I thought there was some chance I was wrong, which is why I didn't bet below 33%. I wish the creator had been more clear; Chris Billington pointed out the ambiguity and asked specific questions below which he ignored. But I knew the risk, the main purpose of the comment is to say I think interpretation impacted this market.
when i invested in NO I was thinking since companies in China have no access to latest gpu so it's physically impossible to grow domestic model. But since this 01AI company is well-known for distilling and fine tuning meta's open source model. Maybe it's easier to stay in the race as long as you are a country with large web service market I guess
1 China doesn't have database that US accumulated. Chinese web is simply not connected but severely divided by large companies.

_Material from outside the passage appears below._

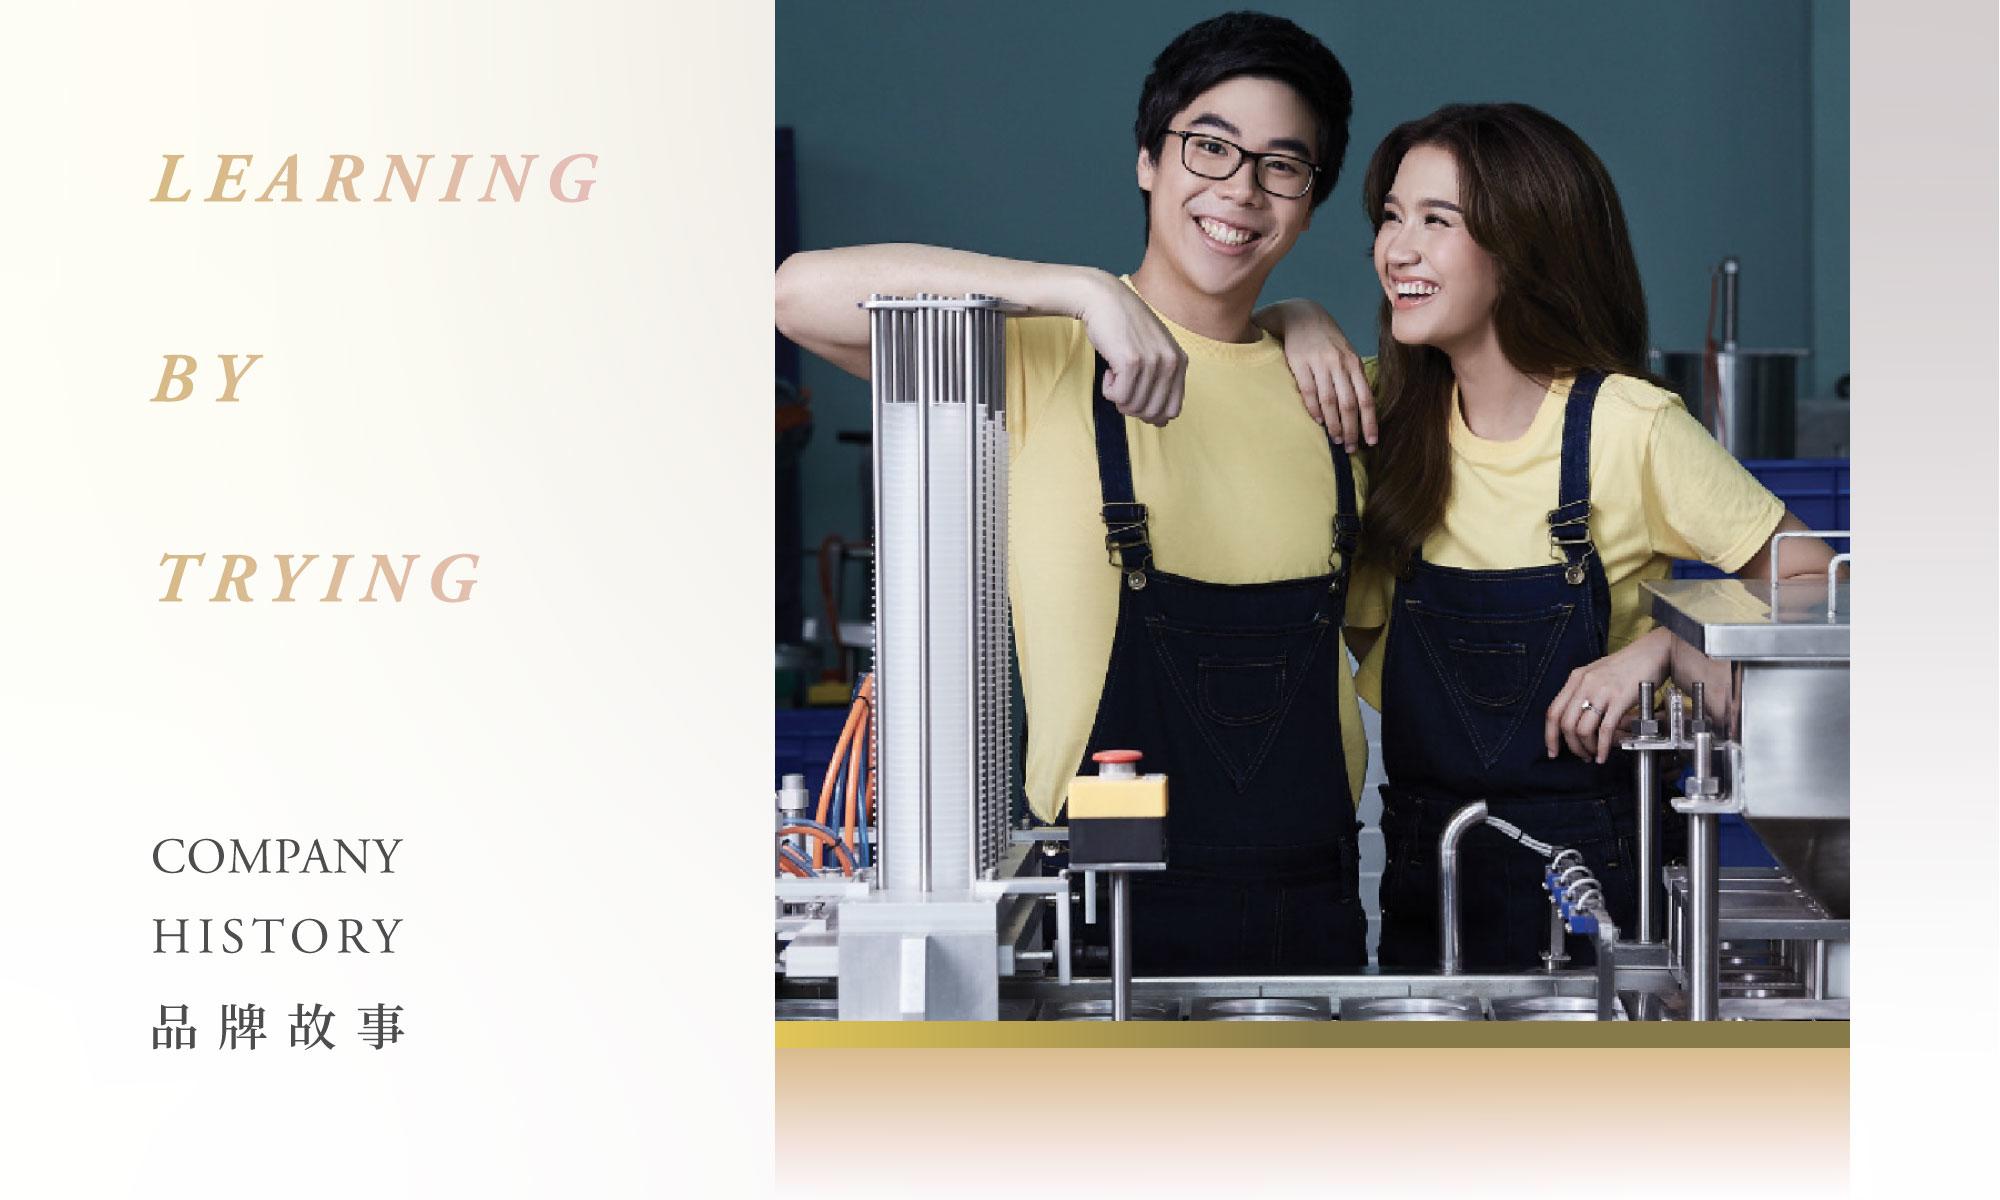 Diamond Grains 燕麥穀脆片 泰國銷售第一穀麥品牌 品牌故事

2 chip supply is cut. Large companies even Baidu, alibaba don't have medium size gpu cluster.
3 01AI had a thousand gpu size cluster. Their work is well-known for built upon Meta's open source model.
So no other country can survive outside the US ecosystem. 01AI company's score is possible because llama is already there.
So technically 01AI is an exception. lack of GPU and lack of data is fatal
https://manifold.markets/JoshYou/when-will-claude-35-opus-be-release
Once 3.5 Opus is out, Anthropic will be ahead of Yi-01.AI.
This market is overpriced.
@greenglass Agree. If Opus surpassed 01ai, based on description of the this market, it should still be a NO, since no one ties or surpasses leading models of three company.
@greenglass so now it's narrowed down to whether Claude will came better than 01ai by end of year. It's most possible YES.